An international team of
evolutionary biologists and paleontologists have reconstructed the evolution of
the avian brain using a massive dataset of brain volumes from dinosaurs,
extinct birds like Archaeopteryx and the Great Auk, and modern
birds.
The study, published online in the journal Current Biology, reveals that
prior to the mass extinction at the end of the Cretaceous Period, birds and
non-avian dinosaurs had similar relative brain sizes. After the extinction, the
brain-body scaling relationship shifted dramatically as some types of birds
underwent an explosive radiation to re-occupy ecological space vacated by
extinct groups.
“One of the big
surprises was that selection for small body size turns out to be a major factor
in the evolution of large-brained birds,” says Dr. Daniel Ksepka, Curator of
Science at the Bruce Museum and lead author of the study. “Many successful bird
families evolved proportionally large brains by shrinking down to smaller body
sizes while their brain sizes stayed close to those of their larger-bodied
ancestors.”
In order to
understand how bird brains changed, a team of 37 scientists used CT scan data
to create endocasts (models of the brain based on the shape of the skull
cavity) of hundreds of birds and dinosaurs, which they combined with a large
existing database of brain measurements from modern birds. They then analyzed
brain-body allometry: the way brain size scales with body size.
“There is no
clear line between the brains of advanced dinosaurs and primitive birds,” notes
co-author Dr.
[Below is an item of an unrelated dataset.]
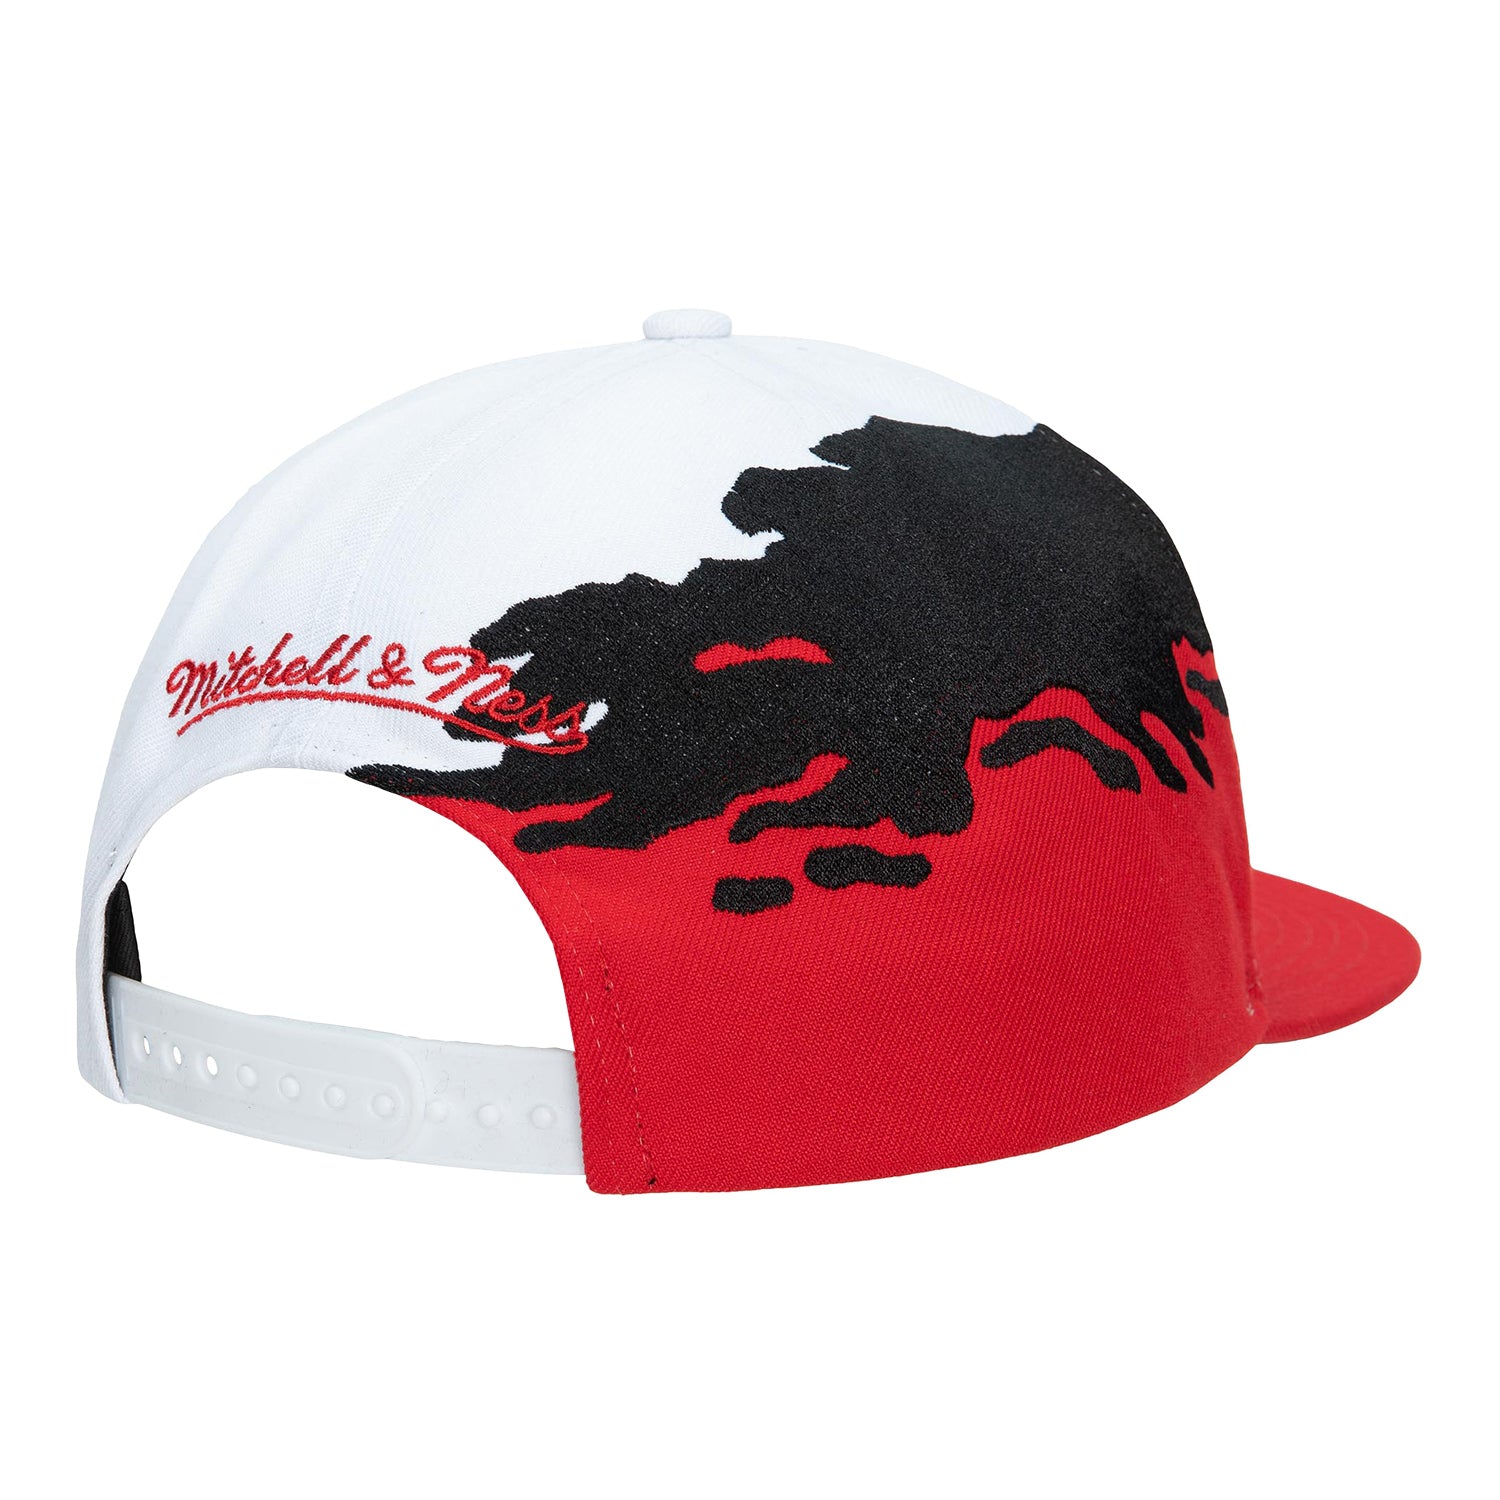 Mitchell & Ness BACK TO 93 FITTED CHICAGO BULLS CAP White - WHITE / BLACK

Amy Balanoff of Johns Hopkins University. “Birds like emus and
pigeons have the same brains sizes you would expect for a theropod dinosaur of
the same body size, and in fact some species like moa have
smaller-than-expected brains.”
The two groups
of birds with truly exceptional brain sizes evolved relatively recently:
parrots and corvids (crows, ravens, and kin). These birds show tremendous
cognitive capacity, including the ability to use tools and language, and to
remember human faces. The new study finds that parrots and crows exhibited very
high rates of brain evolution that may have helped them achieve such high
proportional brain sizes.
“Several groups
of birds show above average rates of brain and body size evolution,” remarks
co-author Dr. N. Adam Smith of the Campbell Geology Museum at Clemson
University. “But crows are really off the charts — they outpaced all other
birds. Our results suggest that calling someone ‘bird-brained’ is actually
quite a compliment!”
“Crows are the
hominins of the bird kingdom,” says co-author Dr. Jeroen Smaers of Stony Brook
University. “Like our own ancestors, they evolved proportionally massive brains
by increasing both their body size and brain size at the same time, with the
brain size increase happening even more rapidly.”